JEOVANNI SENA, APPELLANT.

In a child support proceeding pursuant to Family Court Act article 4, the father appeals (1), as limited by his brief, from so much of an order of the Family Court, Westchester County (Klein, J.), dated January 15, 2008, as denied his objections to an order of the same court (Hochberg, S.M.), dated September 11, 2007, inter alia, directing him to pay the sum of $125 per week in child support and $72 per week for child care, and (2) from an order of the same court (Malone, J.), dated August 7, 2008, which denied his objections to an order of the same court (Hochberg, S.M.), dated February 13, 2008, which, upon reconsideration, adhered to its determination in the order dated September 11, 2007.

Published by New York State Law Reporting Bureau pursuant to Judiciary Law § 431.

This opinion is uncorrected and subject to revision before publication in the Official Reports.

ROBERT A. SPOLZINO, J.P., FRED T. SANTUCCI, RUTH C. BALKIN and CHERYL E. CHAMBERS, JJ.

(Docket No. F-7794-05)

DECISION & ORDER

ORDERED that the matter is remitted to the Family Court, Westchester County (Hochberg, S.M.), to report on the specific sources of income imputed, the actual dollar amount assigned to each category, and the resultant calculations pursuant to Family Court Act § 413(1)(c), and the appeals are held in abeyance in the interim. The Family Court, Westchester County, shall file its report with all convenient speed.

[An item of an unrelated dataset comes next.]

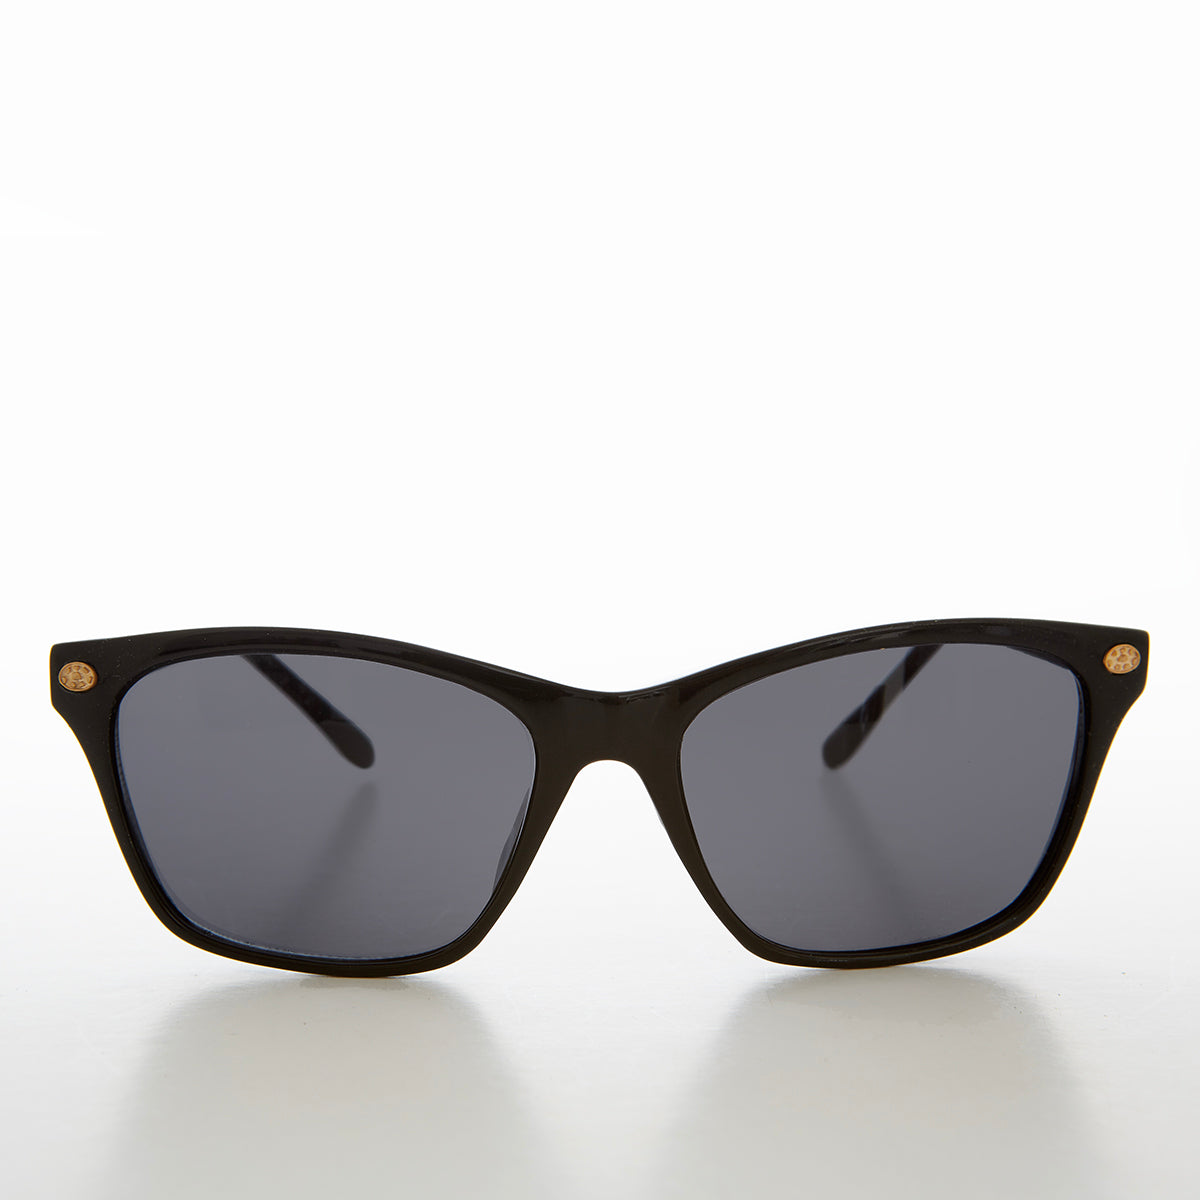 Black Simple Classic Vintage Sunglasses

Upon review of the order dated September 11, 2007, and findings of fact of the Support Magistrate, it is evident that he imputed income to the father in calculating the father's basic support obligation pursuant to the Child Support Standards Act. A Support Magistrate is permitted to impute income in calculating a support obligation where he or she finds that the party's account of his or her finances is not credible or is suspect (see Matter of Genender v Genender, 40 AD3d 994, 995; Matter of Westenberger v Westenberger, 23 AD3d 571; Peri v Peri, 2 AD3d 425, 427; Lilikakis v Lilikakis, 308 AD2d 435, 436; Rohrs v Rohrs, 297 AD2d 317, 318). "However, in exercising the discretion to impute income to a party, a Support Magistrate is required to provide a clear record of the source from which the income is imputed and the reasons for such imputation," and the resultant calculations (Matter of Kristy Helen T. v Richard F.G., 17 AD3d 684, 685; see Family Ct Act § 413 [1][c]; Matter of Genender v Genender, 40 AD3d at 995; Matter of Wienands v Hedlund, 305 AD2d 692, 693; Matter of Sweedan v Baglio, 269 AD2d 724, 725-726). In the case at bar, the Support Magistrate failed to specify the sources of income imputed, the actual dollar amount assigned to each category, and the resultant calculations. The record thus is not sufficiently developed to permit appellate review. Accordingly, the matter must be remitted to the Family Court, Westchester County (Hochberg, S.M.) to provide this information, and the appeals must be held in abeyance pending receipt by this Court of the report.

SPOLZINO, J.P., SANTUCCI, BALKIN and CHAMBERS, JJ., concur.